While reading/browsing about the topic I found an article that stated that the best way to ensure the conduction in the photodiodes would be to blast them with the LED radiation generated by a PWM signal at the center frequency of the modulated light sensor.

What I take from this is already what I intended to do, but the frequency aspects got me thinking.

Given that the PDs I'm using have an untraceable datasheet (I know that the reference is SWPD3330-16, from Sunwell), does anyone have any info that might help me figure out how to calculate the best frequency? As an alternative, is there any rule of thumb for this kind of problem? What would be a good starting point/estimate for the PWM frequency?

EDIT: After reading the comments, I would like to add the following:

  • I am using a photodiode. It looks like a LED and has two leads. The only thing I know about it is the aforementioned part number: SWPD3330-16.
  • The article does not specifically relate to my question, but on page 5 (2169), in the paragraph starting with "Step 2", you'll find what I quoted. LINK


  • I found in a folder here at work the datasheet (in chinese) for this photodiode.
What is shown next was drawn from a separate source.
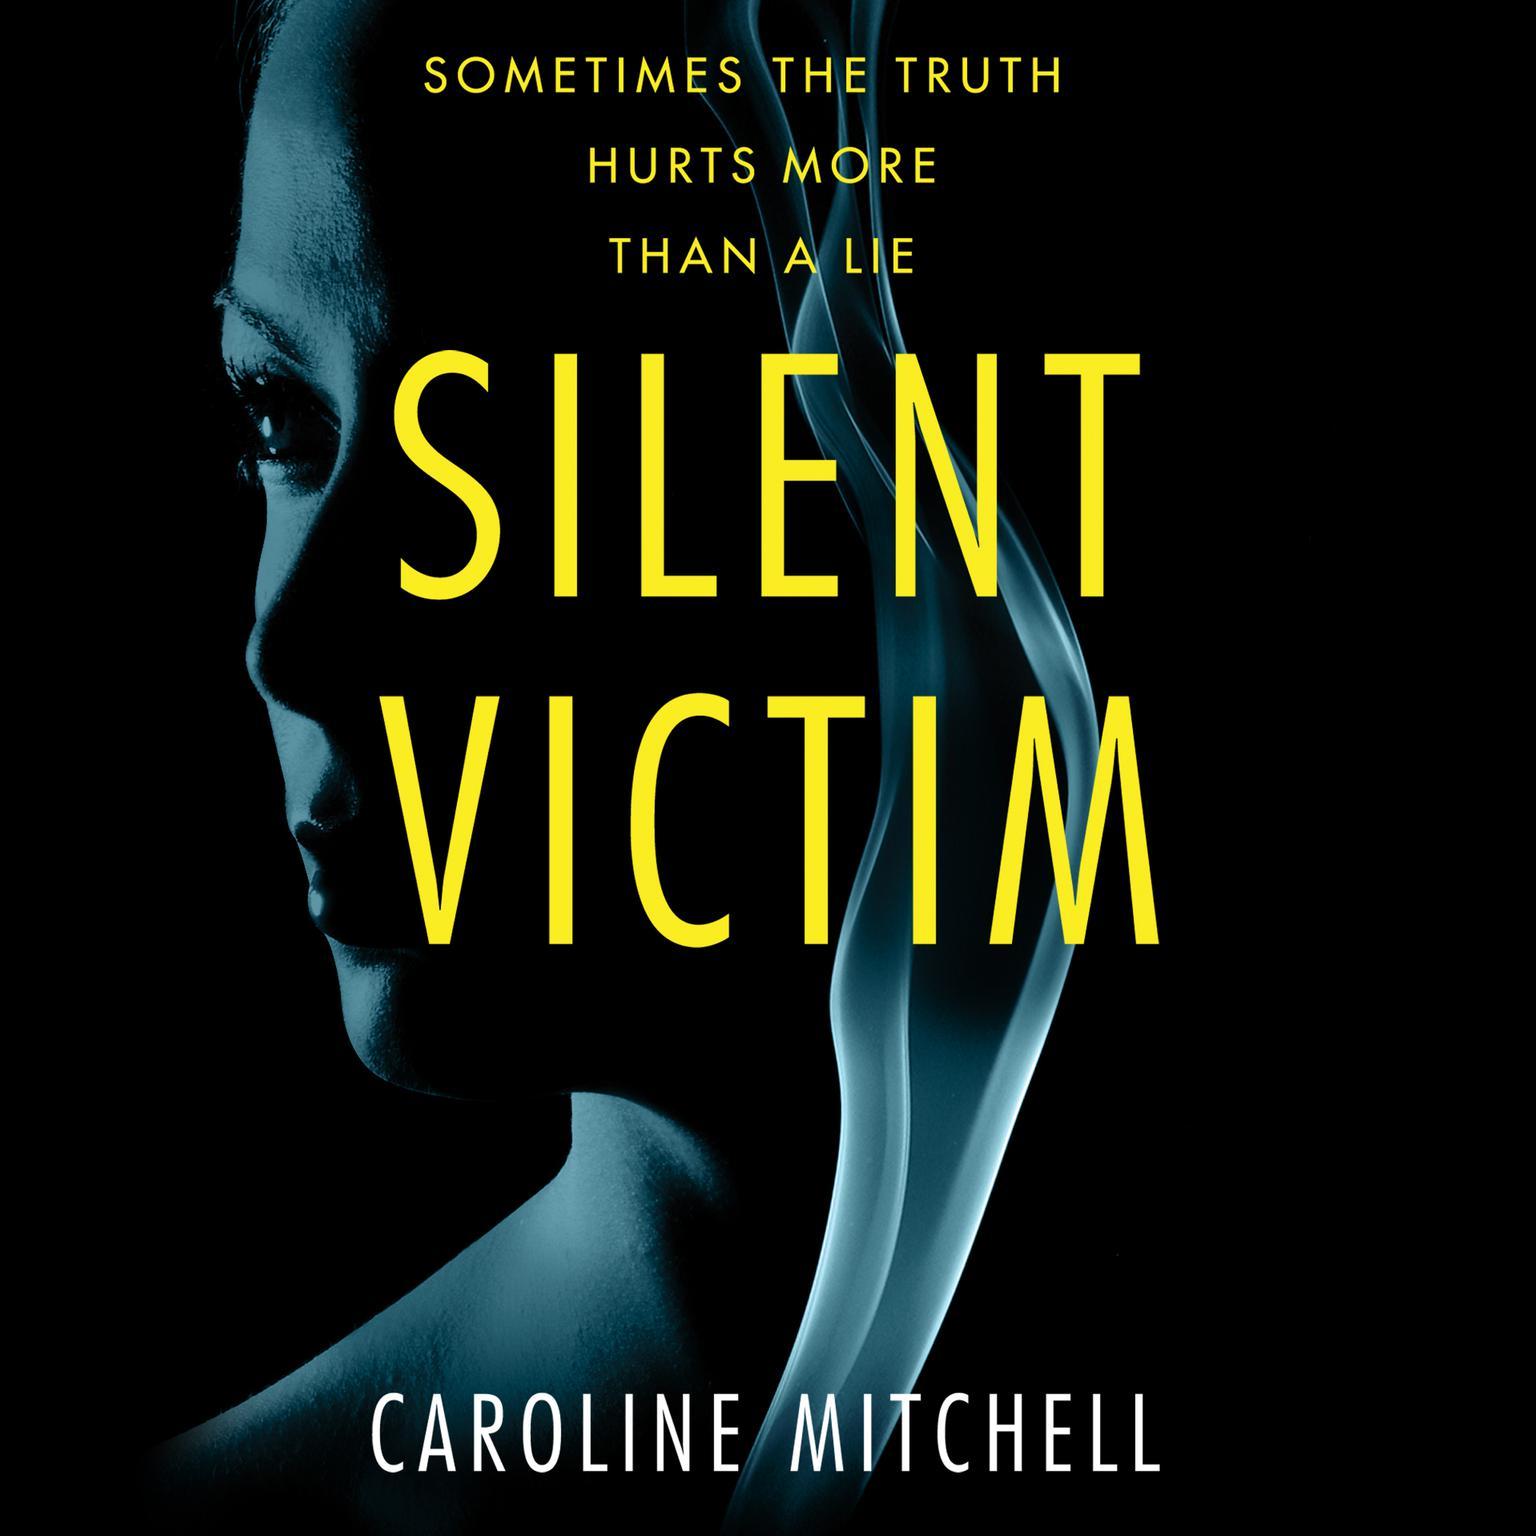 Silent Victim Audiobook, by Caroline Mitchell

It only covers mechanical aspects and (unfortunately) a few electrical specs (in parenthesis are the test conditions):
    • forward current: 100mA
    • pulse forward current (@1KHz, DC 10%): 1A
    • reverse voltage: 30V
    • power consumption: 150 mW
    • (some stuff about temperature)
    • light current (VR=5V, H=5mW/cm2): 64uA
    • dark current (VR=10V, H=0mW/cm2): 30nA
    • open voltage (H=5mW/cm2): 350mV
    • short current (same): 65uA
    • total capacity (5V; 5mW/cm2): 20pF
    • rise time (VR=10V; RL=1Kohm): 10ns
    • fall time (VR=10V; RL=1Kohm): 10ns
    • peak sensistivity wavelength: 940nm
    • sensitivity wavelength: 750~1100nm
    • radiation angle: 20 deg

With the hightlighted spec, is it possible to calculate/infer a educated guess for the PWM frequency I should use?
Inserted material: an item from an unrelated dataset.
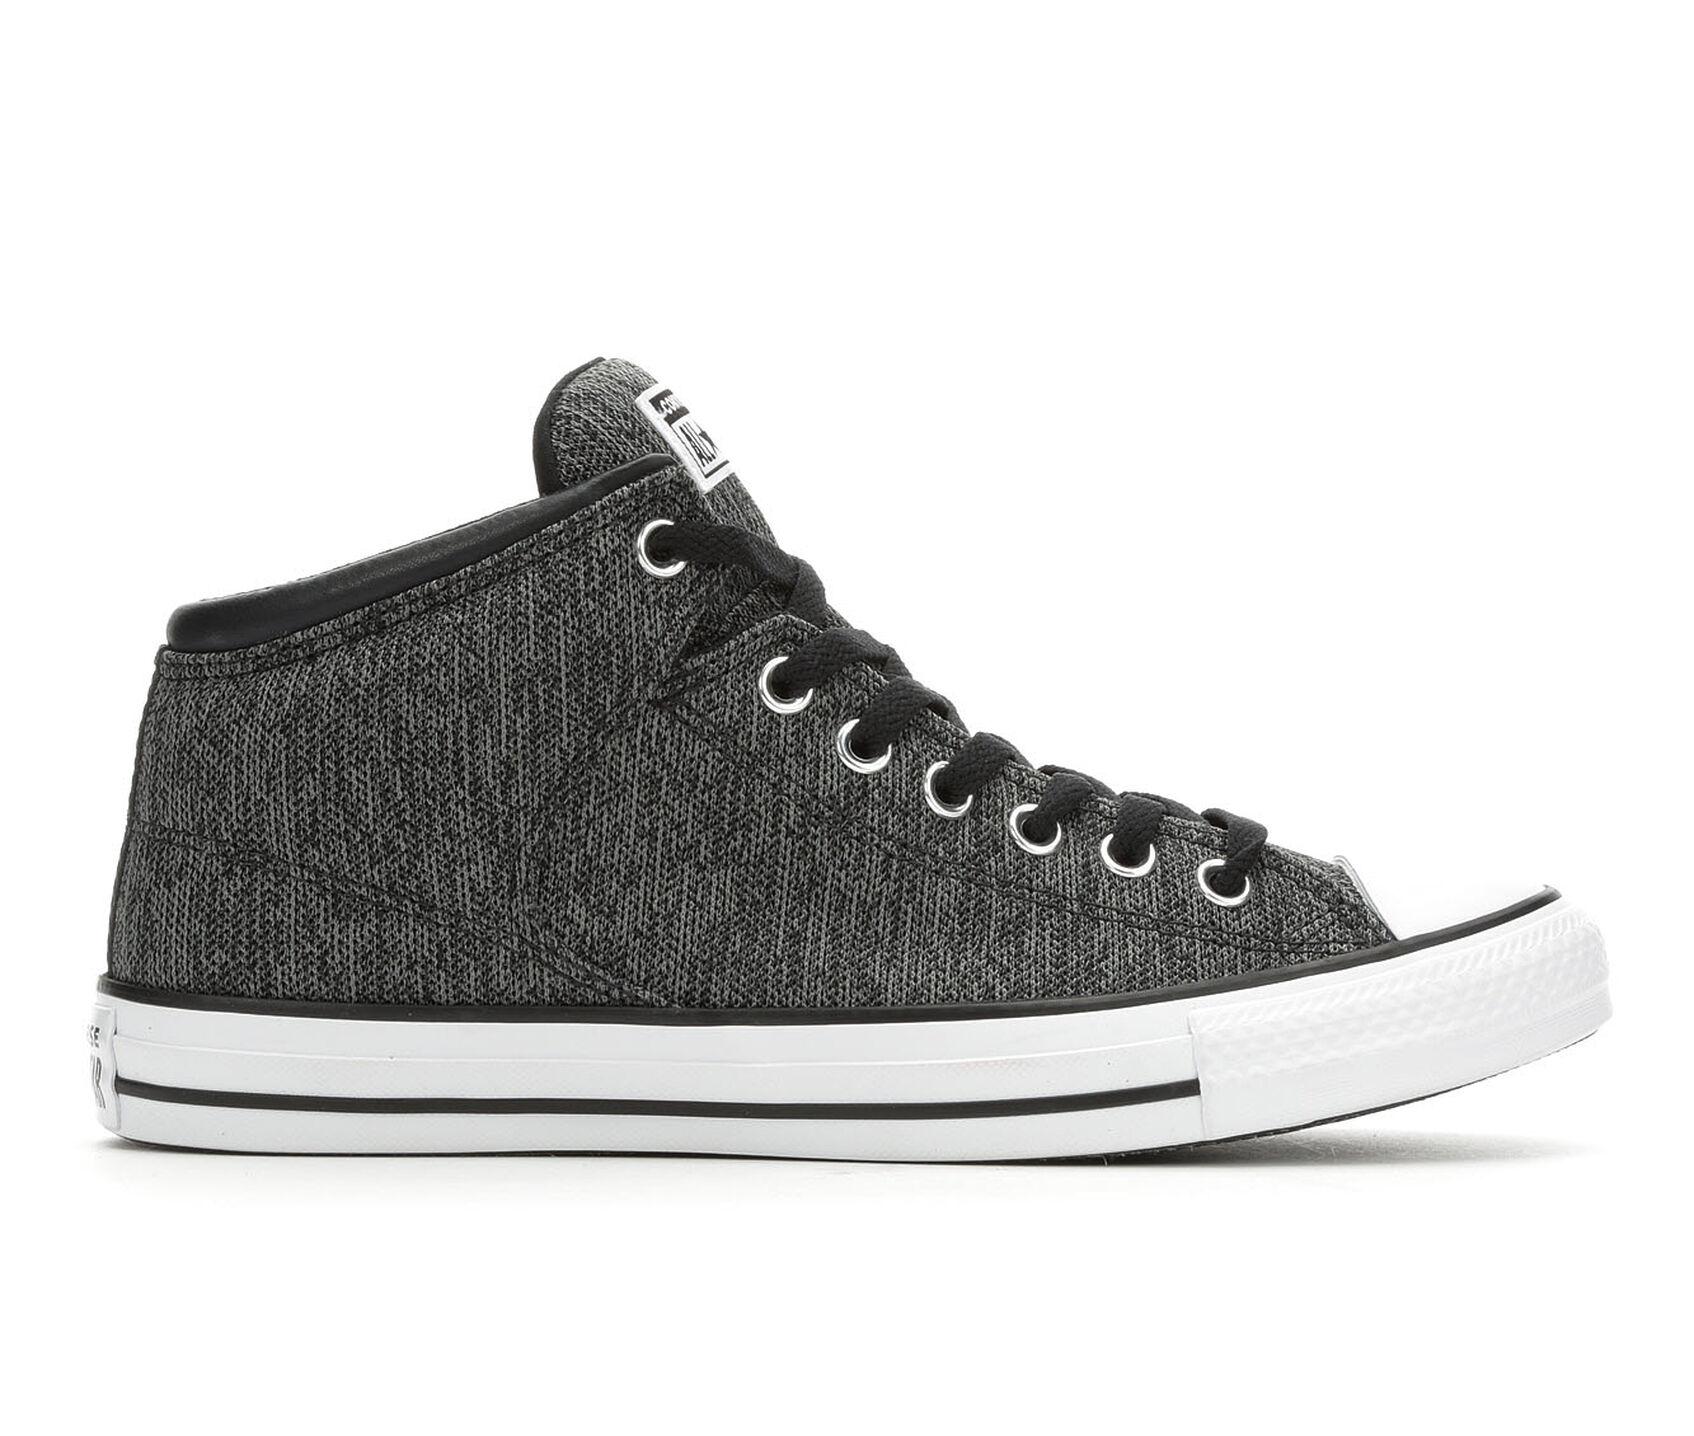 ee580c1dea71 ... Converse CTAS Hi St Varsity Sneakers. Previous

  • \$\begingroup\$ 1. Empirical testing. 2. Statistical modeling. \$\endgroup\$ Apr 3 '14 at 16:43
  • \$\begingroup\$ @Joum If you are referring to the article, which you've read, then please post a link. \$\endgroup\$ Apr 3 '14 at 16:43
  • \$\begingroup\$ Photodiodes have a bandpass characteristic for the frequency of the incident light, but they don't have an intrinsic bandpass characteristic for modulated light. That depends on the receiver circuitry and its interaction with the capacitance of the diode. Or maybe I'm misunderstanding the question? \$\endgroup\$
    – John D
    Apr 3 '14 at 16:46
  • 1
    \$\begingroup\$ @JohnD: I believe the OP is talking about an integrated photodetector, not a bare photodiode. Such a detector also includes a preamplifier, a bandpass filter (typically centered at 38 kHz, but there are many variations) and an envelope detector, and it delivers a logic-level output that represents the detected modulation of the 38-kHz carrier. \$\endgroup\$
    – Dave Tweed
    Apr 3 '14 at 16:51
  • \$\begingroup\$ @DaveTweed Ah, that makes more sense. In that case I think your comment along with some trial and error answers the OP's question. \$\endgroup\$
    – John D
    Apr 3 '14 at 16:54

The peak sensitivity wavelength of the photodiodes is completely unrelated to the PWM frequency that might be used to modulate the IR signal. The system you have assembled does not use modulated IR and cannot benefit from applying PWM to the emitters.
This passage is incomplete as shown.